Beyond the physical benefits of an ancestral diet, Native American advocates suggest that it can re-strengthen the spirituality of native peoples worldwide, who were forcibly severed from the roots of their cultural cuisine by colonisation. By returning to eating organic, wholesome indigenous foods dependent on earth's natural cycles, some believe that it can strengthen their spiritual bonds to their ancestors, due to the foods' higher vibrational frequency.

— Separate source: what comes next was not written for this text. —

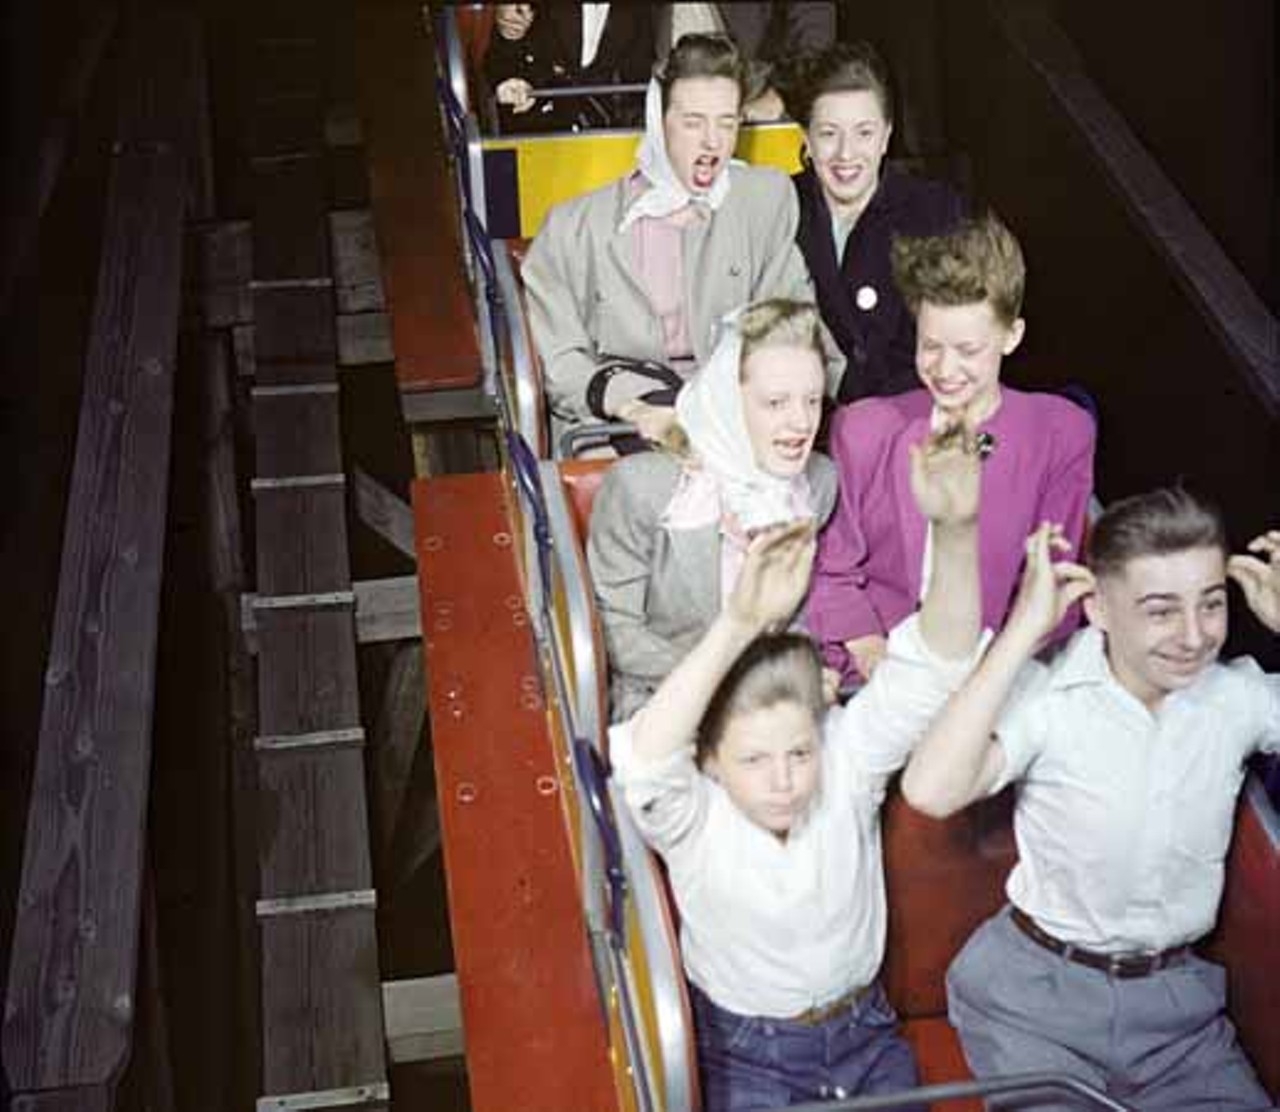 21 Vintage Photos of Forest Park Highlands Amusement Park

Following the ancestral diet can also serve as a means of reclaiming power. When colonisers invaded the America’s, in order to bring the native population under control, they targeted their food source, the buffalo. Millions were killed in only a few years, making a population, unused to farming, dependent on the invaders for food. By switching back to the consumption patterns of their ancestors, some Native Americans believe that they can reclaim their tribal food sovereignty, increase their spirituality and improve their health once again.

Drawbacks

Now it is important to note that an ancestral diet may not be suited to everyone. If you are someone from a colder region whose people traditionally consumed diets high in fatty meats but you have moved to sunny Italy. Then it would be best to take into consideration both your body's evolutionary physiology and your current climate. A high fat diet meant to provide your body energy to keep you warm, may make you feel overheated and sluggish in hotter regions.

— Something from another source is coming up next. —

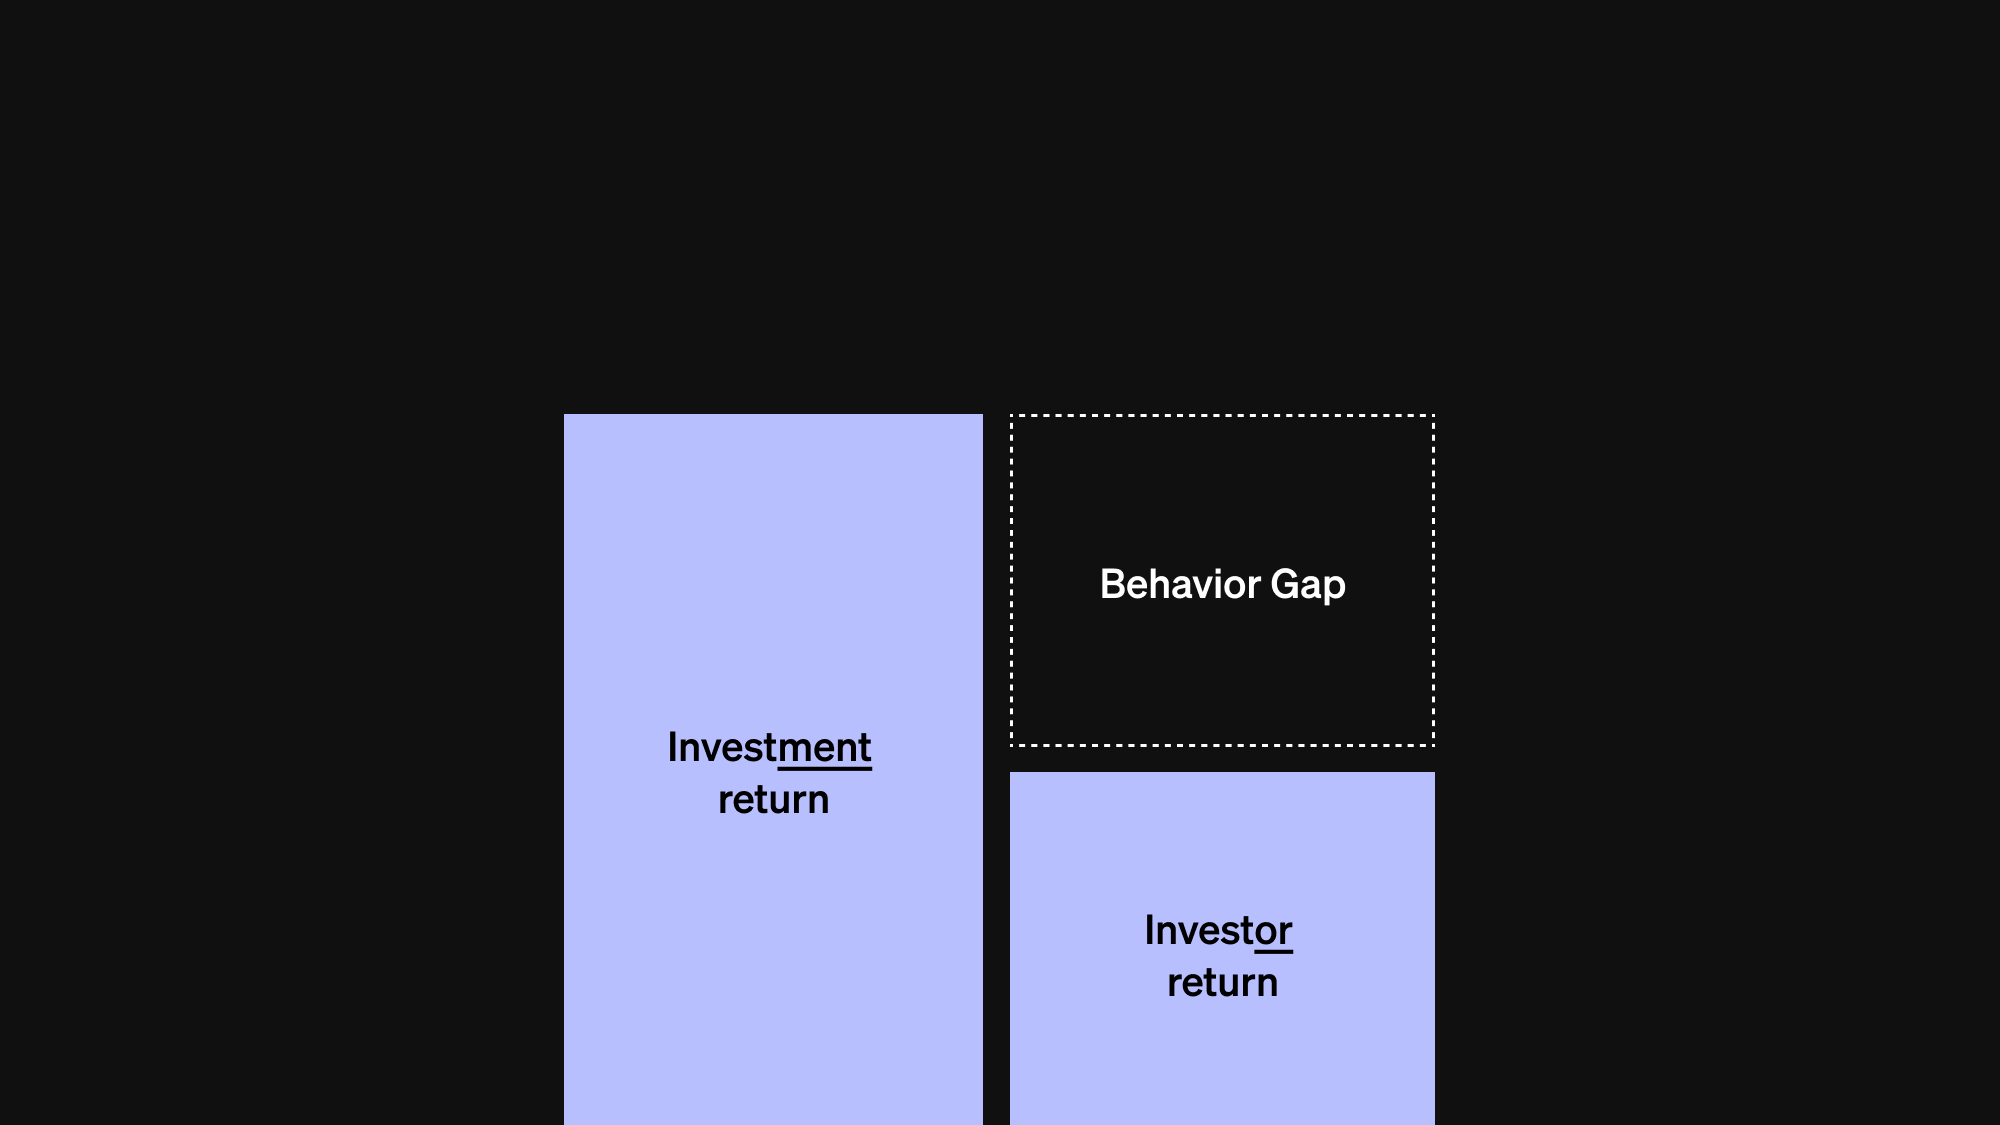 Stapeldiagram som beskriver hur The Behavior Gap fungerar. Den högre stapeln har rubriken "Investment return" och den lägre stapeln har rubriken "Investor return". Skillnaden mellan dessa staplar har rubriken "Behavior Gap".

Additionally, in today's day and age we have a better understanding of the nutrients our bodies need than our ancestors did, thanks to modern science. Back in the day, people were often malnourished, not consuming enough vital nutrients and vitamins. So, it would be best not to follow your ancestors' eating patterns to the letter. Whilst the UK did not traditionally grow or consume citrus fruits, we must still make sure we are consuming a sufficient intake of Vitamin C. As the ancestral diet does not take into consideration a person's precise vitamin and mineral needs, it is best to follow a diet plan based on your own blood chemistry.

It is important to be aware of the potential risks of any diet, especially if you are concerned that, based on your ancestral history, that diet may be lacking in certain vital nutrients or food groups. Based on your own body, or if you have moved abroad, an ancestral diet may not be suited to everyone. It is always best to proceed with caution and seek professional guidance before making any drastic changes.

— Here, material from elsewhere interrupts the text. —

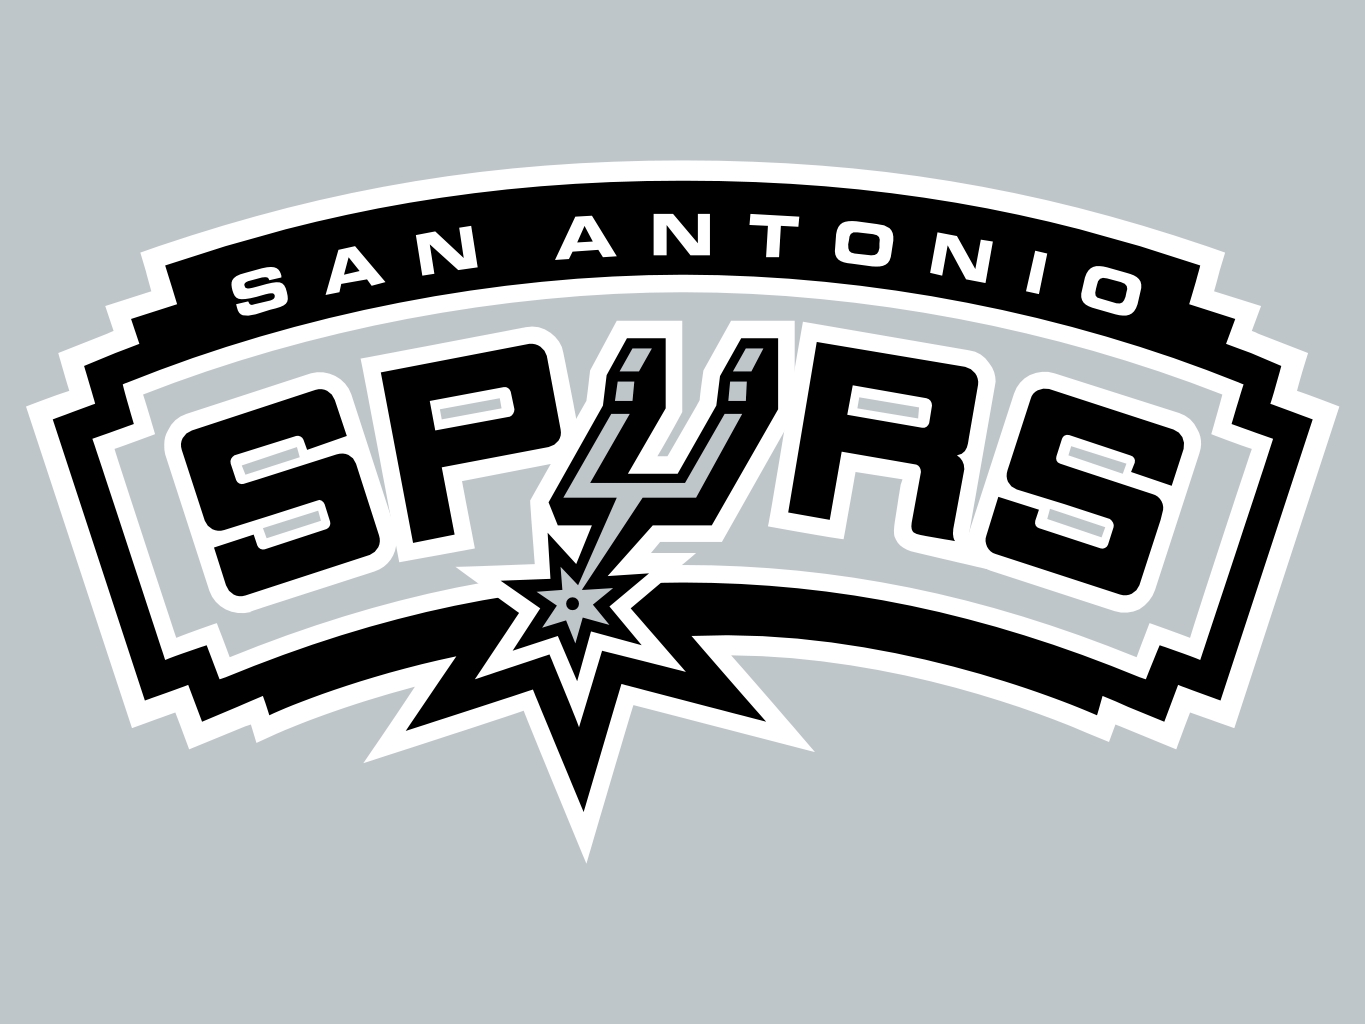 San Antonio Spurs | Pro Sports Teams Wiki | FANDOM powered by Wikia

In conclusion, is the Ancestral diet a perfect guide on how to eat? No. But it doesn’t pretend to be. Functional Medicine Practitioner and Dietitian Marieke Rodenstein from the Nutrition Practice says it is important to remember that the ancestral diet is not a rigid ideology that must be followed to the letter. It is flexible and guides you more on foods to avoid, then which foods to necessarily eat. But even the list of what to avoid is not a set of fixed, unbreakable rules. You can still eat the occasional donut. Rigidly categorising foods into ‘good’ and ‘bad’ can increase anxiety towards food and amplify eating disorders.

There is no perfect diet but if you are someone looking to reduce your risk of inflammatory diseases, increase your spirituality and reclaim your food sovereignty, or to reduce your carbon footprint by shopping for locally grown foods, then the ancestral diet may be right for you.